• **Input data**:
%%

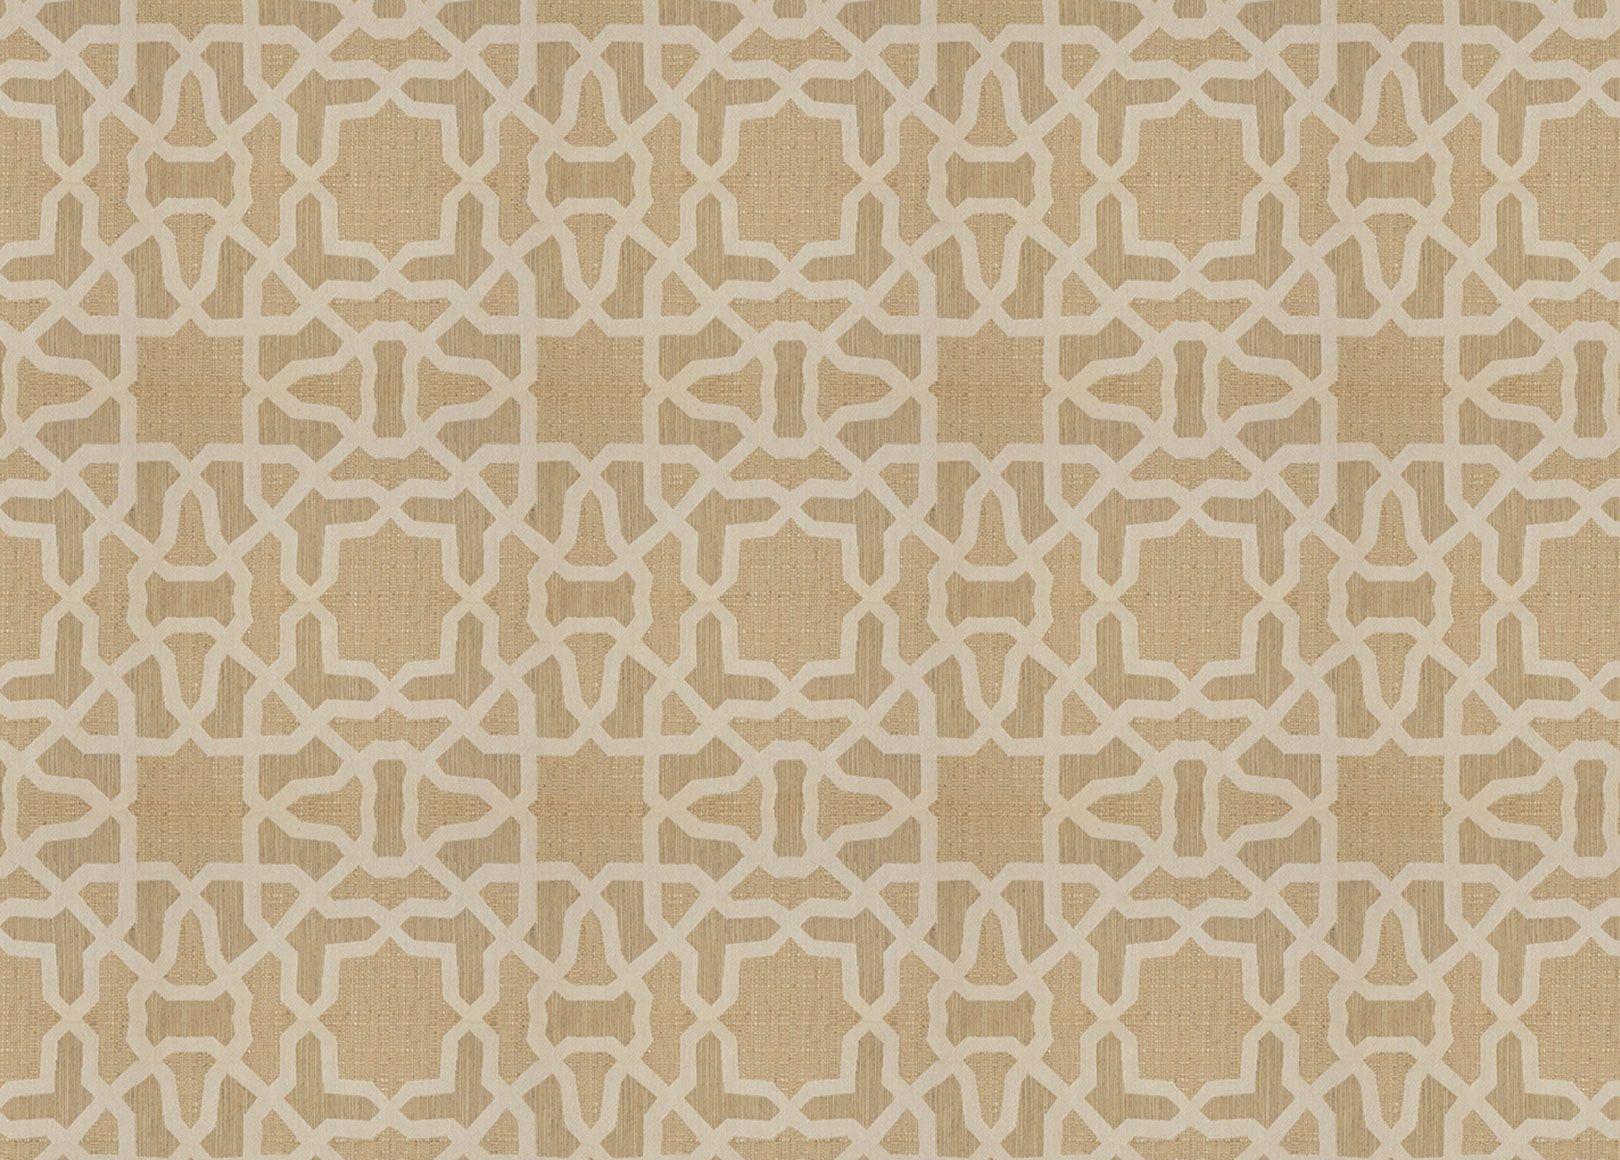 Mazy linen fabric ethan allen arcadia fabrics pinterest
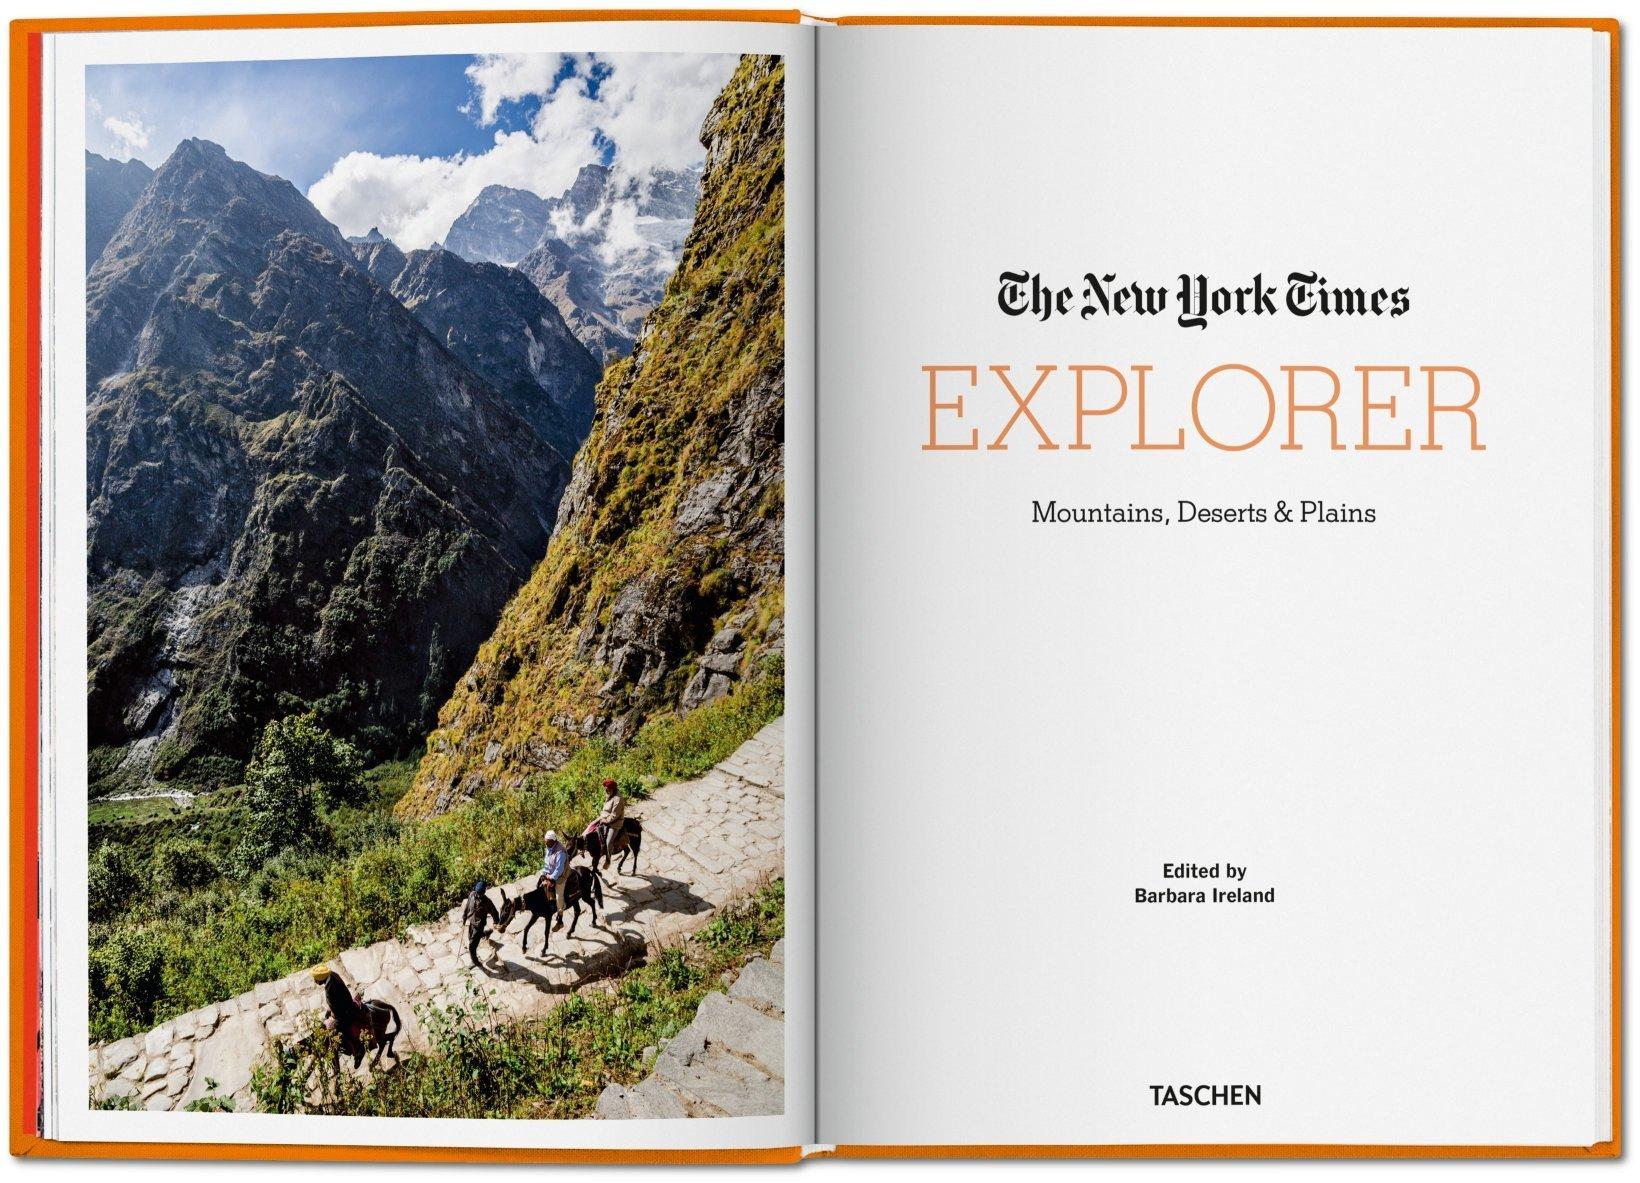 ju-nyt_explorer_mountains_deserts-image_03_08705.jpg
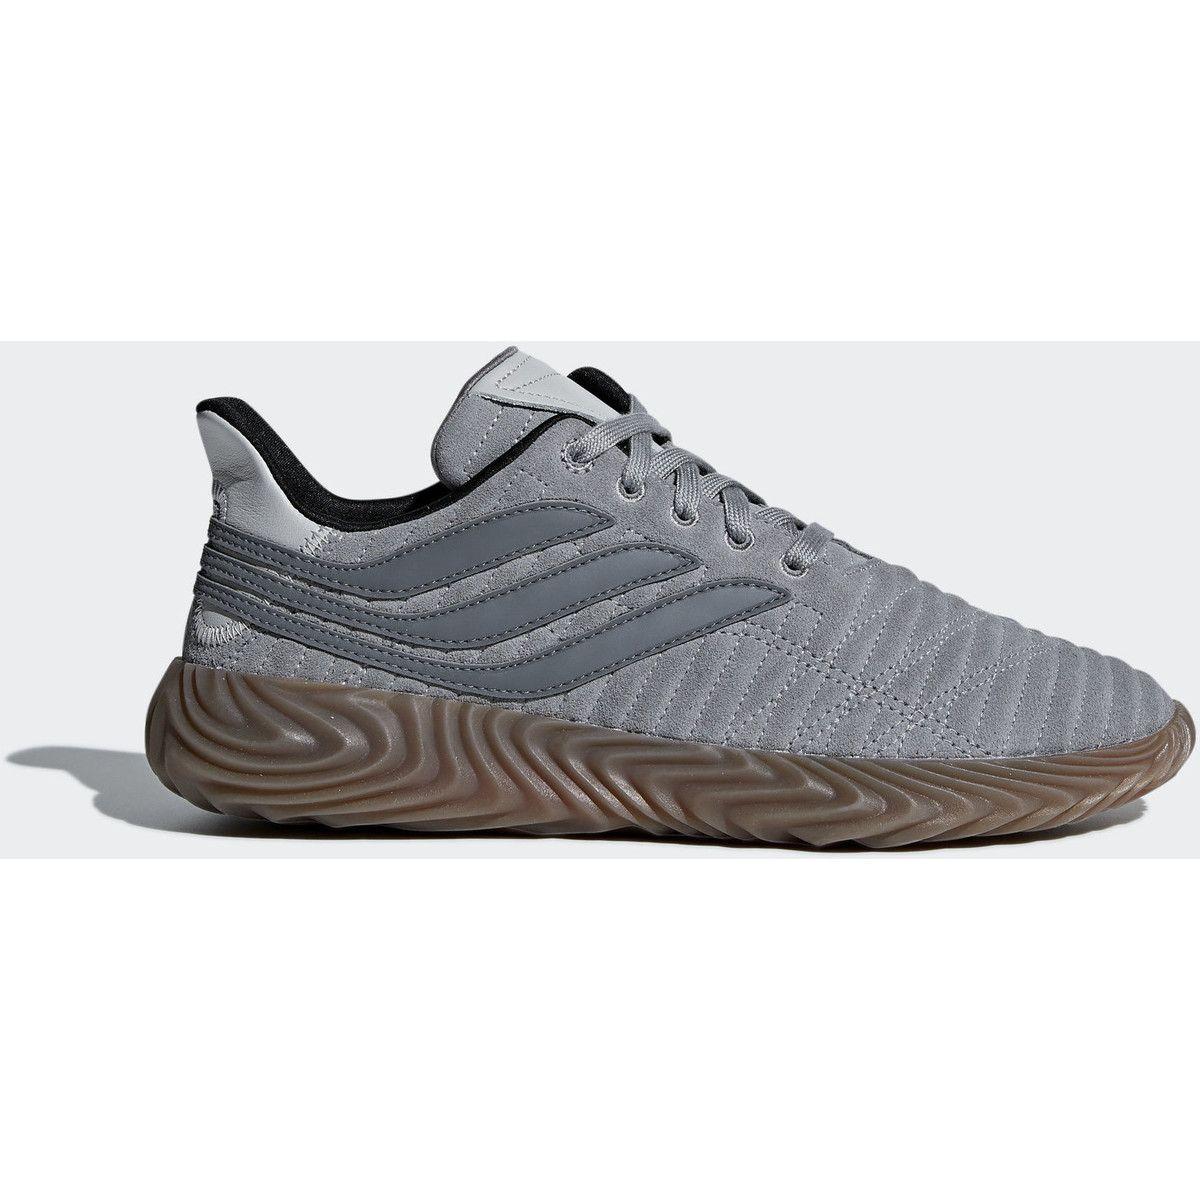 adidas Sobakov Schoenen Lage Sneakers dames. Kleur: Grijs ...

%%

Reproduce the material word for word, pictures excluded.

• **Output below**:
 Mazy linen fabric ethan allen arcadia fabrics pinterest
 ju-nyt_explorer_mountains_deserts-image_03_08705.jpg
 adidas Sobakov Schoenen Lage Sneakers dames. Kleur: Grijs ...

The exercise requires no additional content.